Exercise objective
What you give back from the listing below should be an exact copy of the lines from the one with "New Street Art" down to the one with "#art #arte #graffiti", and it should contain no pictures.

Task input
******

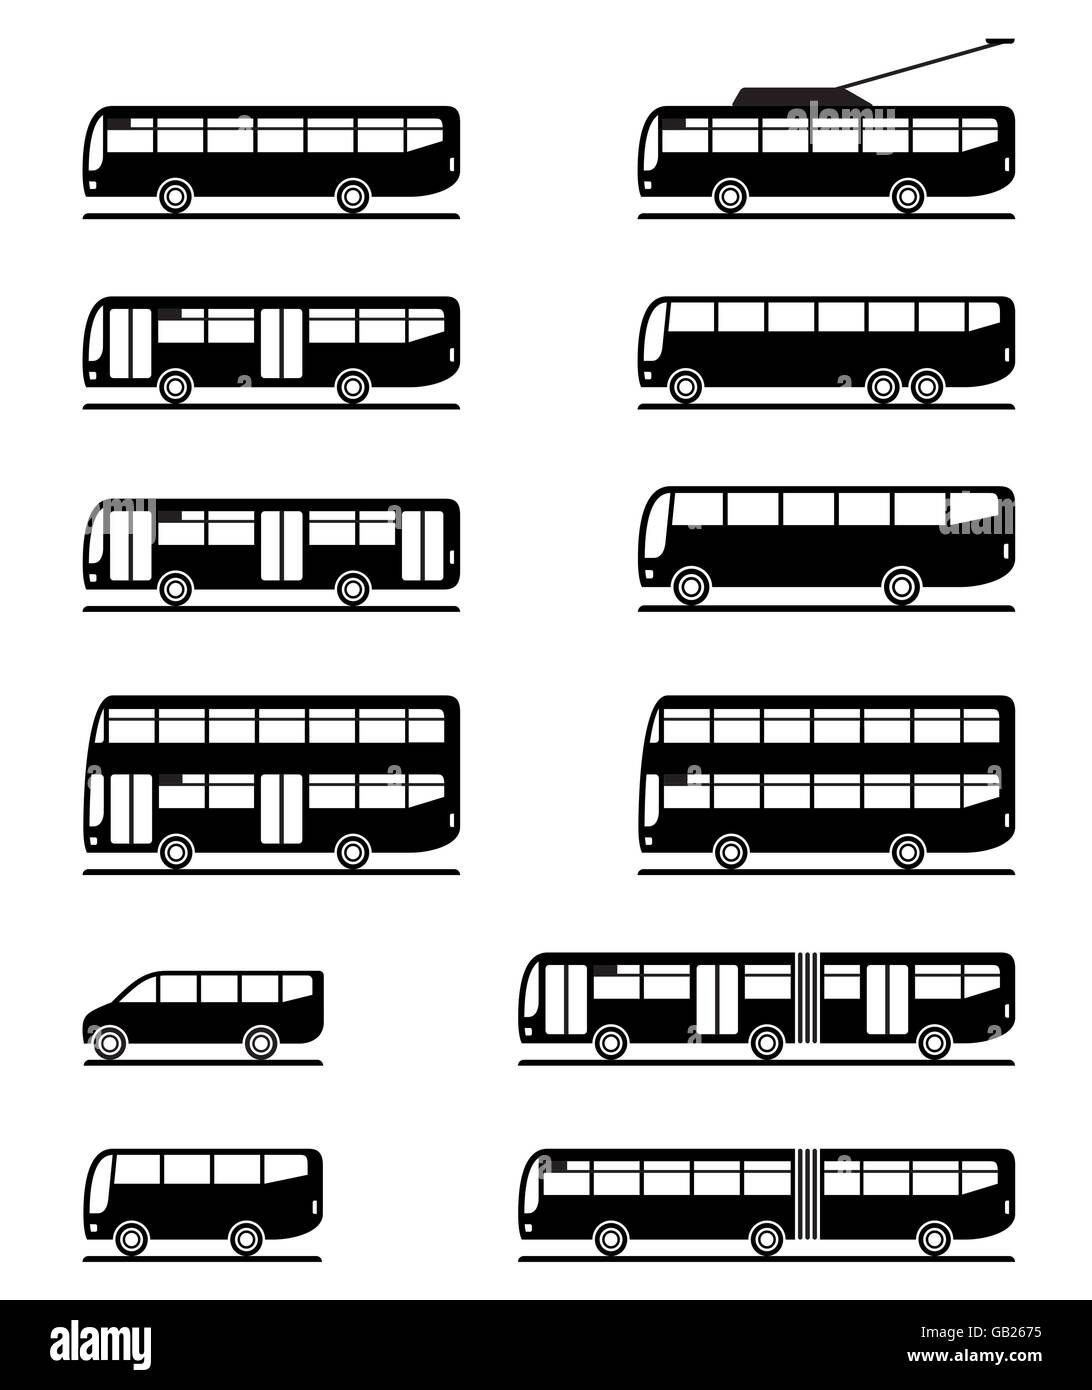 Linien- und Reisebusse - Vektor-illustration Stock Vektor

******

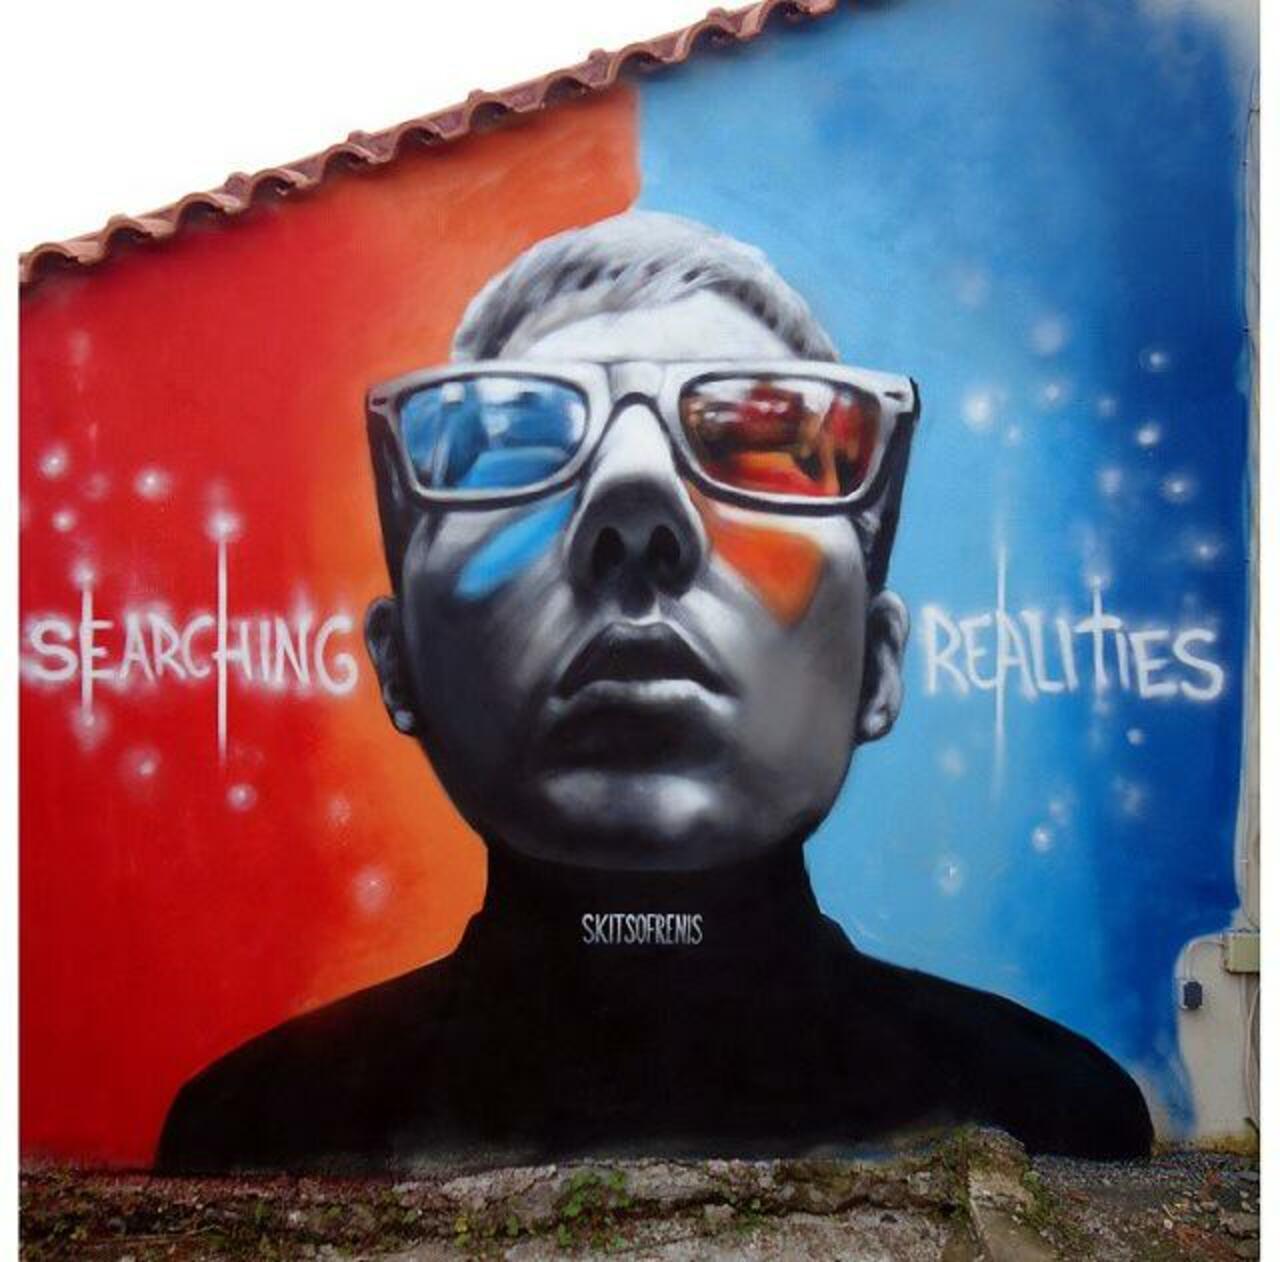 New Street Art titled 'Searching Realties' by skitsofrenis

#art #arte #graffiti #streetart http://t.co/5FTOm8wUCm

******

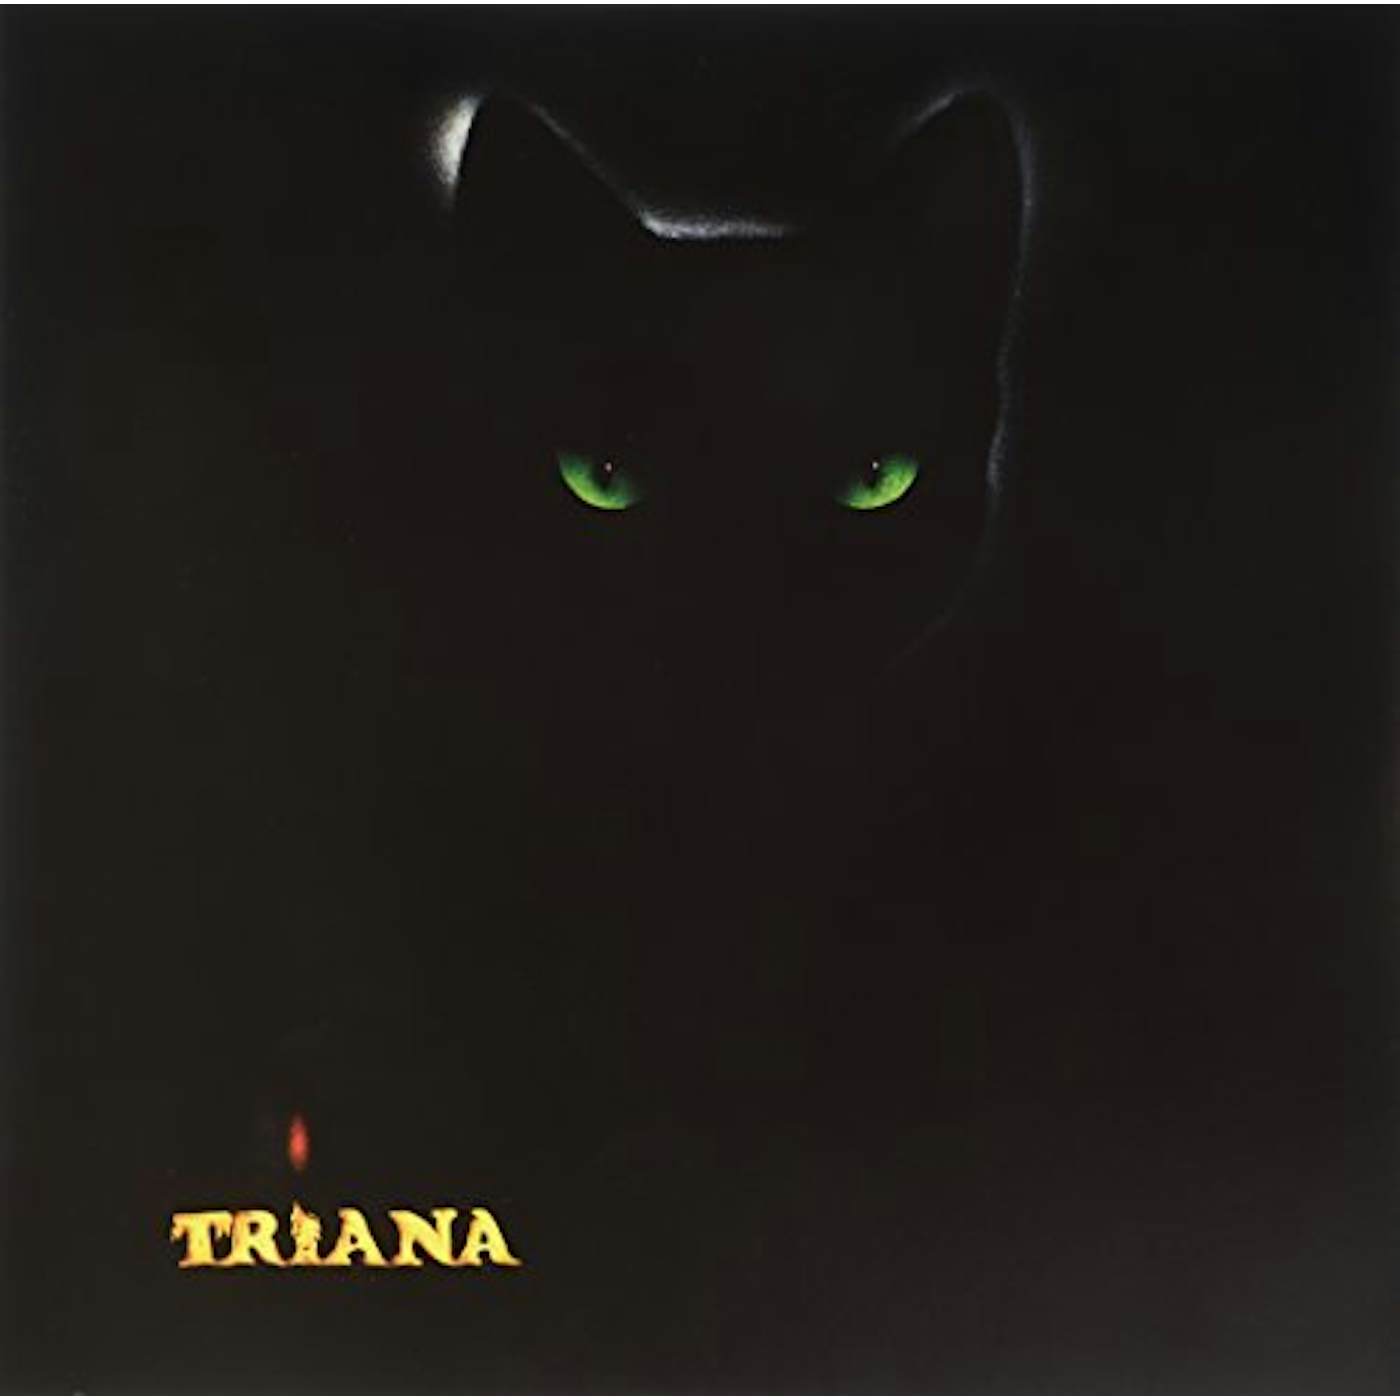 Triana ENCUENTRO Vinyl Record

******

Answer to the exercise
 New Street Art titled 'Searching Realties' by skitsofrenis

#art #arte #graffiti #streetart http://t.co/5FTOm8wUCm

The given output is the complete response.